“And disappointed,” Morgan said. “Don’t forget that. It was a keen disappointment.”

  Myers giggled.

  “If you were a real writer, as you say you are, Mr. Myers, you would not laugh,” Morgan said as he got to his feet. “You would not dare laugh! You would try to understand. You would plumb the depths of that poor soul’s heart and try to understand. But you are no writer, sir!”

  Myers kept on giggling.

  Morgan slammed his fist on the coffee table and the cups rattled in the coasters. “The real story lies right here, in this house, this very living room, and it’s time it was told! The real story is here, Mr. Myers,” Morgan said. He walked up and down over the brilliant wrapping paper that had unrolled and now lay spread across the carpet. He stopped to glare at Myers, who was holding his forehead and shaking with laughter.

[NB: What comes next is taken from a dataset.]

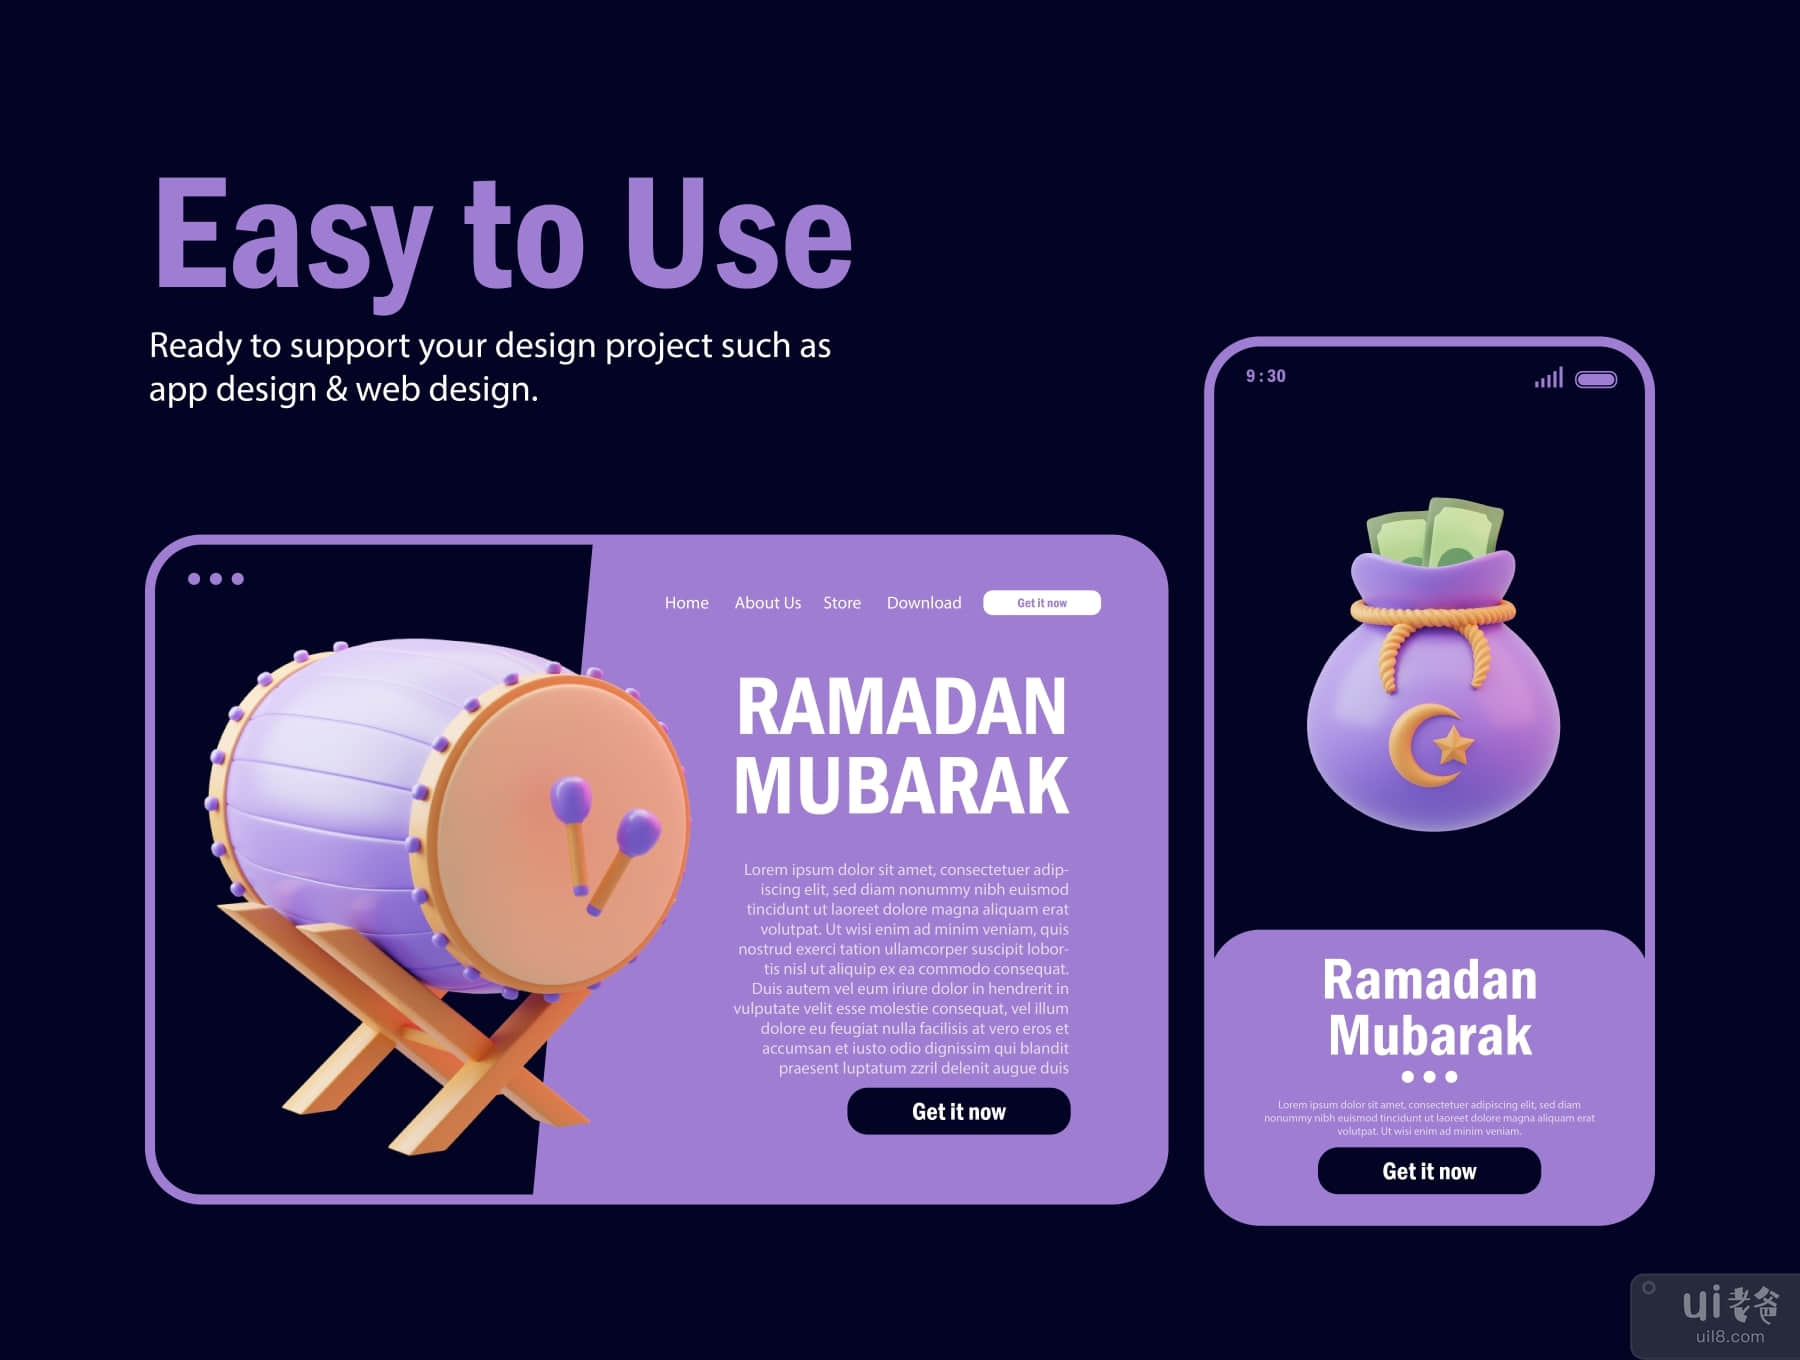 斋月穆巴拉克 3D 资产 (Ramadan Mubarak 3D Asset)插图2

  “Consider this for a possibility, Mr. Myers!” Morgan screamed. Consider! A friend—let’s call him Mr. X—is friends with ... with Mr. and Mrs. Y, as well as Mr. and Mrs. Z. Mr. and Mrs. Y and Mr. and Mrs. Z do not know each other, unfortunately. I say unfortunately because if they had known each other this story would not exist because it would never have taken place. Now, Mr. X learns that Mr. and Mrs. Y are going to Germany for a year and need someone to occupy their house during the time they are gone. Mr. and Mrs. Z are looking for suitable accommodations, and Mr. X tells them he knows of just the place. But before Mr. X can put Mr. and Mrs. Z in touch with Mr. and Mrs. Y, the Ys have to leave sooner than expected. Mr. X, being a friend, is left to rent the house at his discretion to anyone, including Mr. and Mrs. Y—I mean Z. Now, Mr. and Mrs... . Z move into the house and bring a cat with them that Mr. and Mrs. Y hear about later in a letter from Mr. X. Mr. and Mrs. Z bring a cat into the house even though the terms of the lease have expressly forbidden cats or other animals in the house because of Mrs. Y’s asthma. The real story, Mr. Myers, lies in the situation I’ve just described. Mr. and Mrs. Z—I mean Mr. and Mrs. Y’s moving into the Zs’ house, invading the Zs’ house, if the truth is to be told. Sleeping in the Zs’ bed is one thing, but unlocking the Zs’ private closet and using their linen, vandalizing the things found there, that was against the spirit and letter of the lease. And this same couple, the Zs, opened boxes of kitchen utensils marked ‘Don’t Open.’ And broke dishes when it was spelled out, spelled out in that same lease, that they were not to use the owners’, the Zs’ personal, I emphasize personal, possessions.”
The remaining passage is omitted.